Playing fast and loose with the law school admissions rules comes with long-term consequences, apparently.
Former Villanova University School of Law Dean Mark Alan Sargent and former University of Illinois College of Law assistant dean for admissions Paul Pless both have been disciplined for their roles in admission scandals.
Sargent on July 22 began a three-year suspension imposed by the Massachusetts Supreme Judicial Court for violating that state’s professional rules against engaging in “conduct involving dishonesty, fraud, deceit, or misrepresentation” and “any other conduct that adversely reflects on his or her fitness to practice law.”
Pless in March was reprimanded by the disciplinary board of the Washington State Bar Association for engaging in fraud or deceit and for failing to adequately supervise a non-lawyer.
The disciplinary actions came to light this week when University of Missouri School of Law professor Ben Trachtenberg commented about them on the Legal Ethics Blog.
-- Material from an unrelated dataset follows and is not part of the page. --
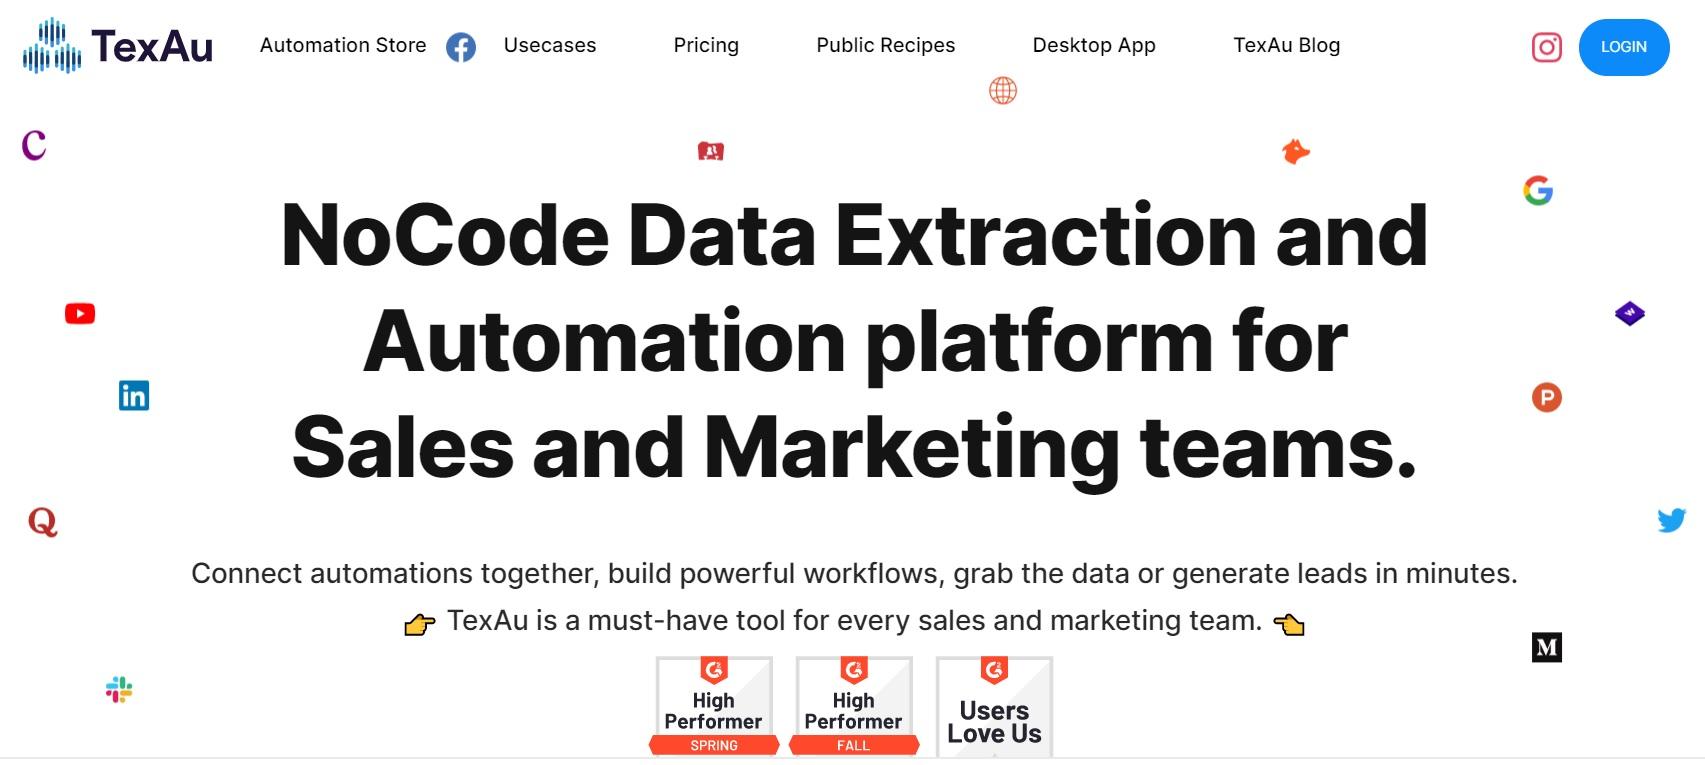 A screenshot of a LinkedIn automation tool, Texau's landing page.
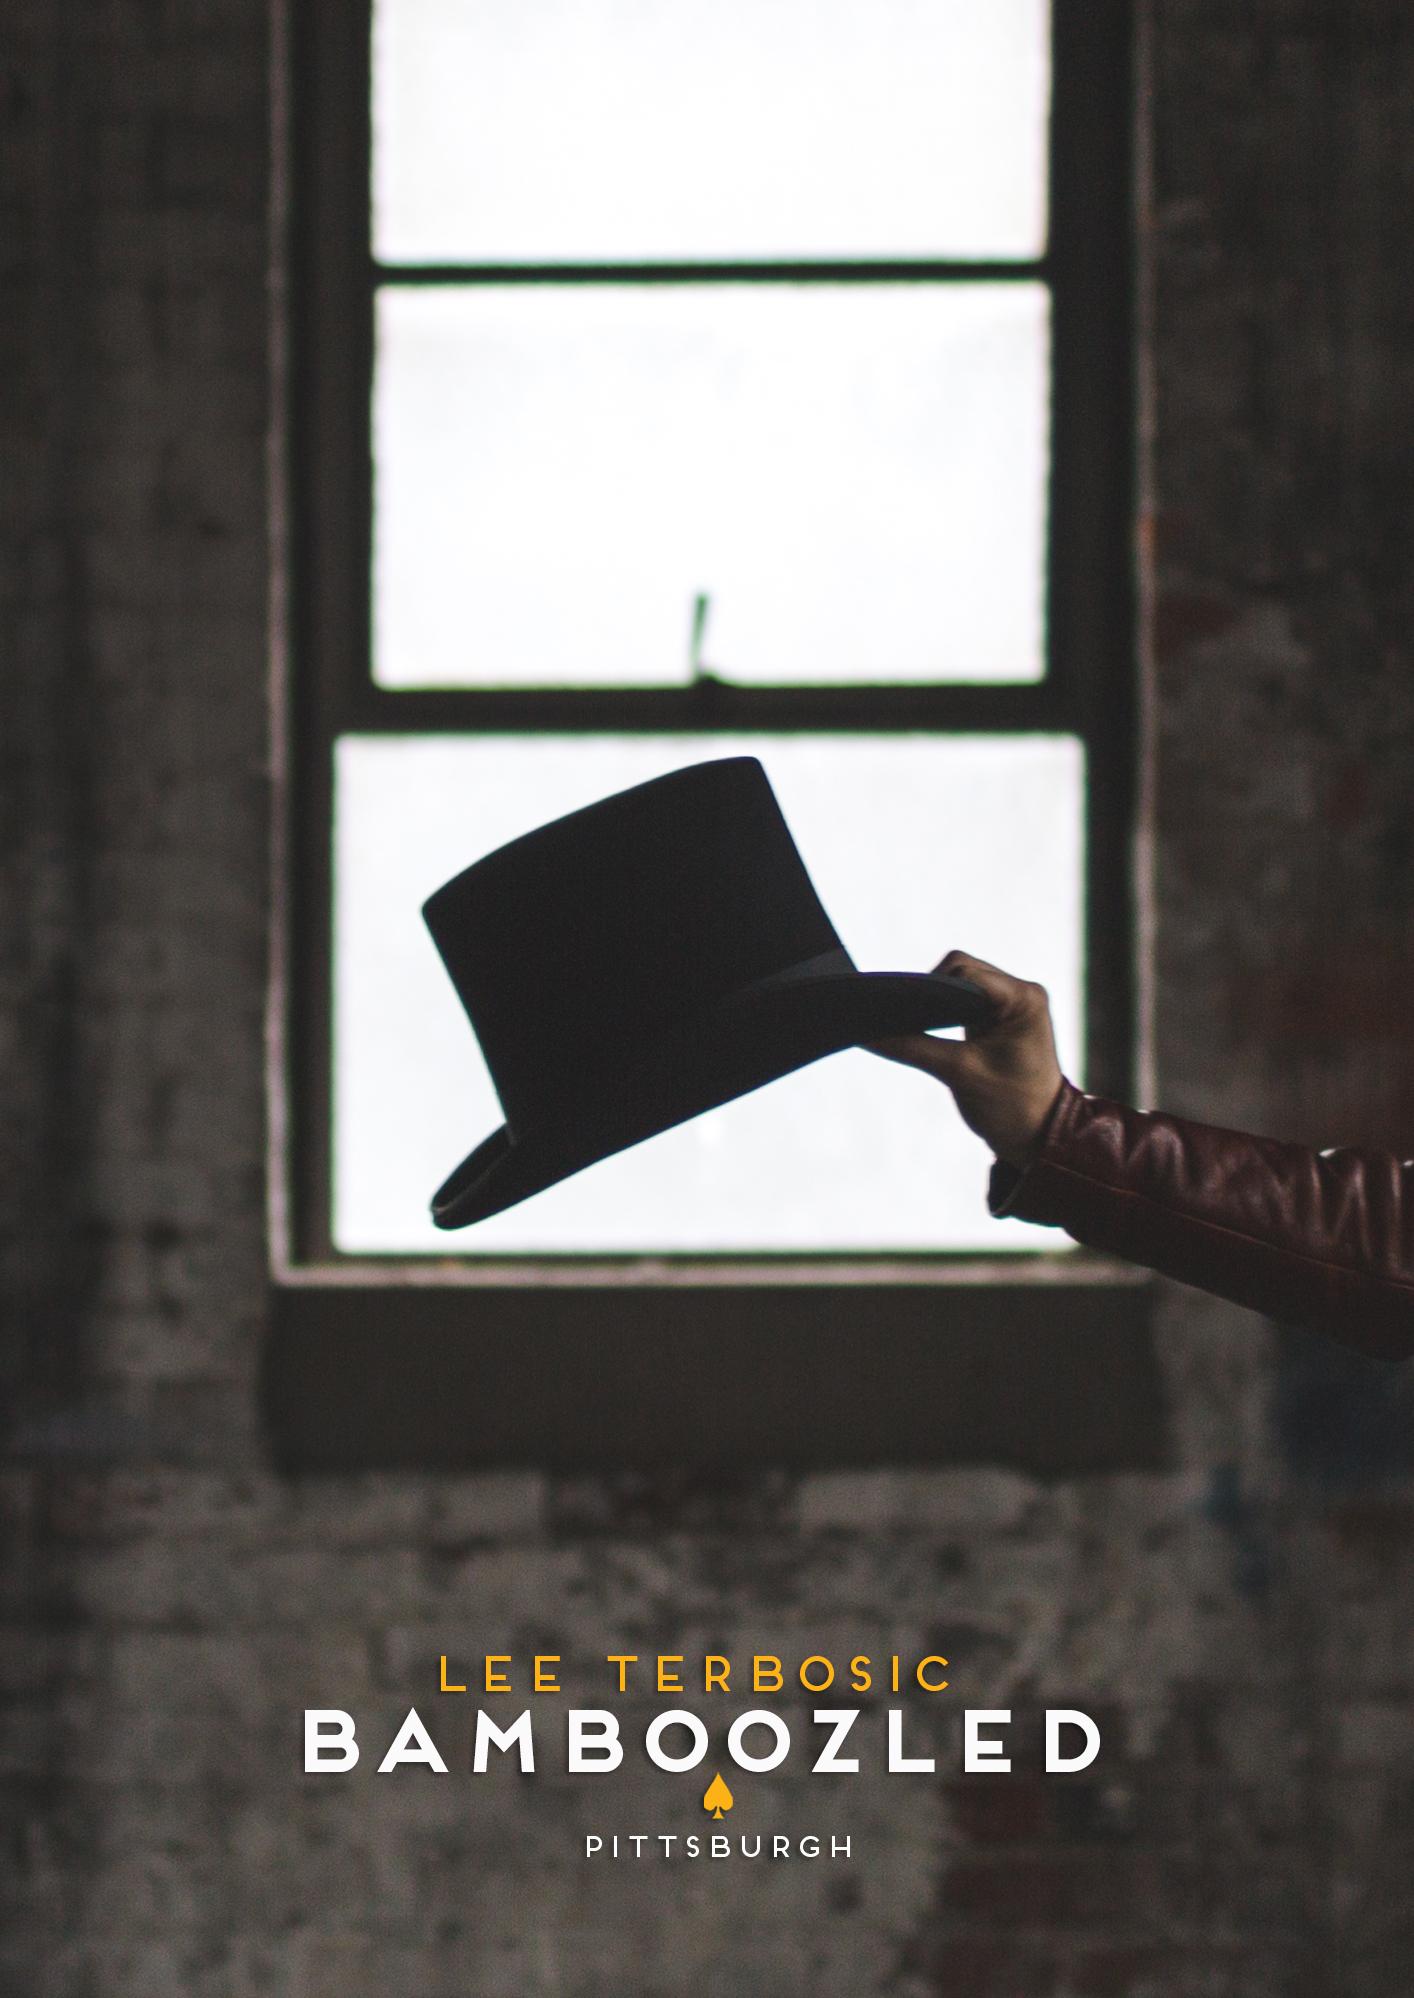 Lee Terbosic-Bamboozled-Image & Logo-8.jpg

Earlier, Trachtenberg argued in an article that some law school administrators had exposed themselves to disciplinary action by disseminating false information about graduates’ employment prospects.
“My article identified these two by name as the worst actors, so I’m not surprised to see that they have been the subjects of disciplinary action,” Trachtenberg said.
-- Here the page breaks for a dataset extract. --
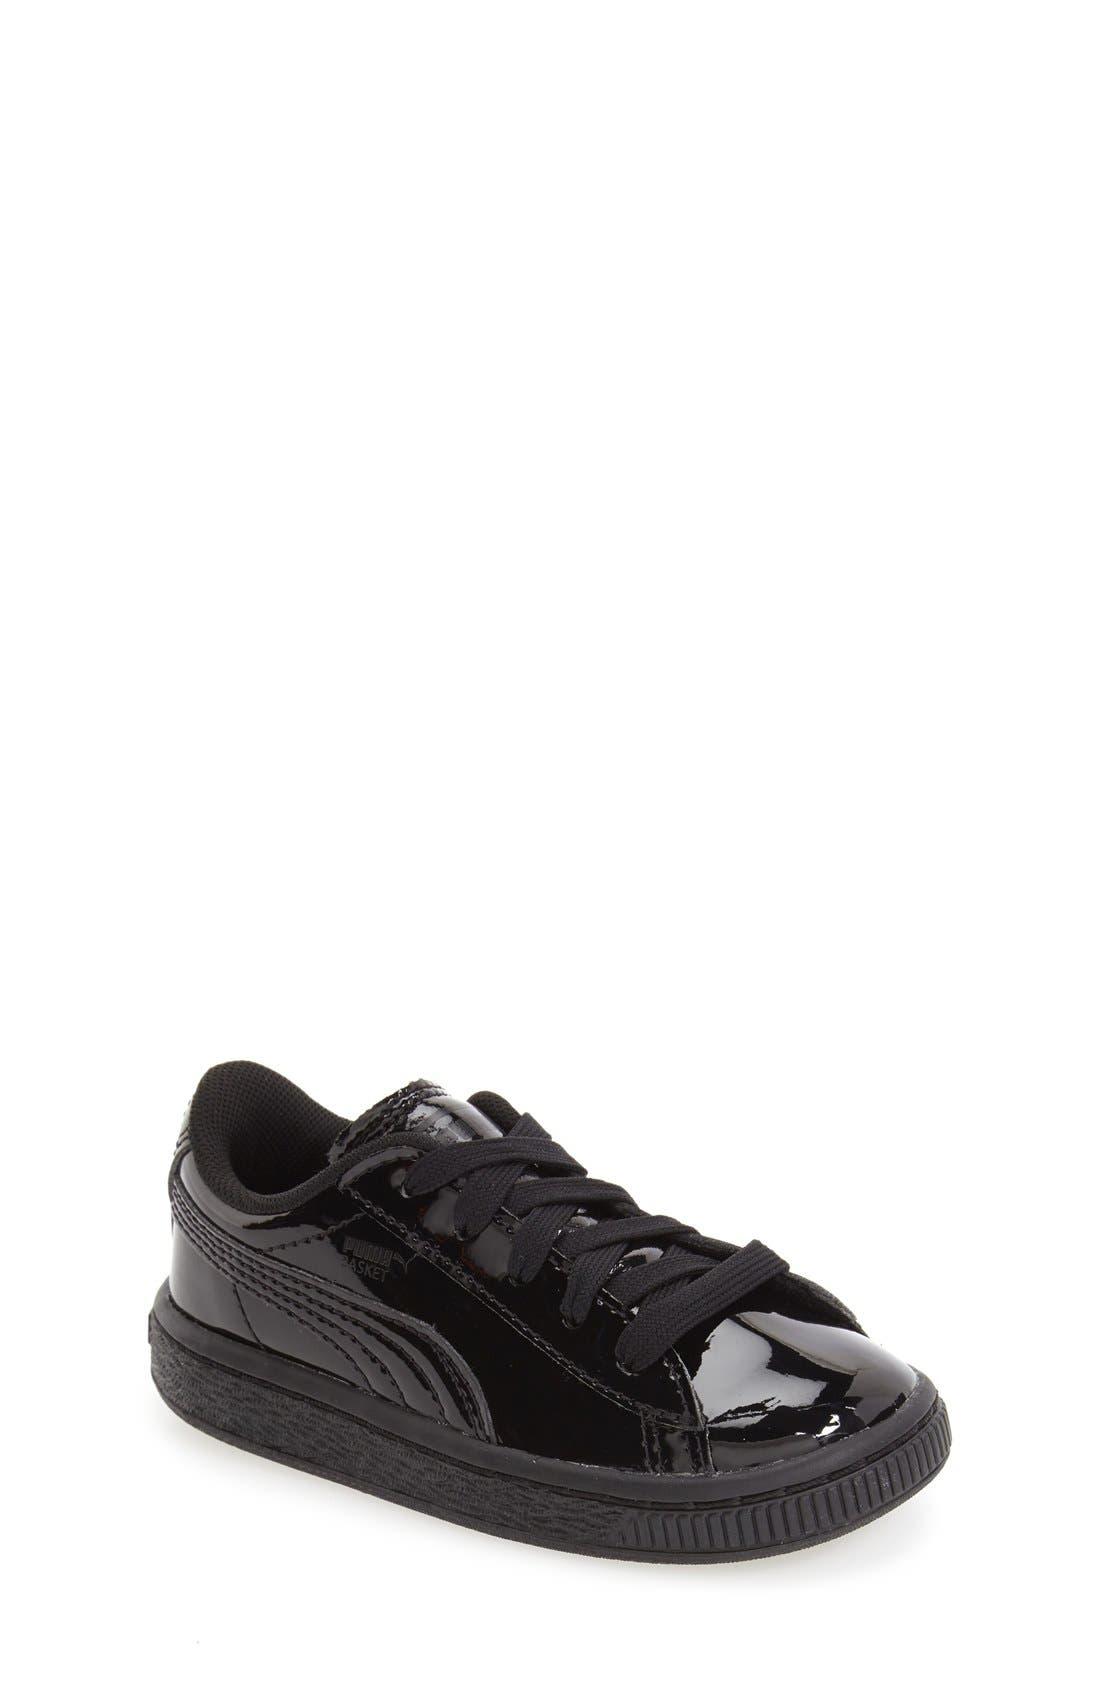 'Basket Classic' Shoe,                             Main thumbnail 1, color,                             001

It wasn’t the false reporting of job statistics that landed Sargent and Pless in hot water, however. Both men were involved in schemes to inflate the LSAT scores and grade-point averages of incoming students their schools reported to the American Bar Association and U.S. News & World Report. The deceptions were intended to bolster their schools’ rankings. Sargent stepped down as Villanova dean in 2009; the inflated numbers came to light in 2011 and Villanova was subsequently censured by the ABA.
The problems with Illinois’ data were revealed in August 2011 and an investigation placed the blame squarely on Pless, who had resigned when the allegations first surfaced. The ABA censured the law school and fined it $250,000.
Trachtenberg argued in his article that law school administrators who mess with their numbers are at particular risk of running afoul of the state equivalents of Rule 8.4 in the ABA’s model rules of professional conduct. Both Pless and Sargent were found to have violated that rule.
It remains to be seen whether these disciplinary actions would much affect the way law schools report their statistics, Trachtenberg said. Some administrators likely will view Pless and Sargent as isolated cases. Others might see the disciplinary actions as ground to increase oversight of the reporting process, he said. The ABA has hired a consulting firm to develop an auditing process for the numbers reported by law schools, but that system won’t be in place until 2014.
“We’re still relying on the reporting of the law schools staffs, which I think for the most part is good,” he said. “But as we know, not everyone tells the truth all of the time.”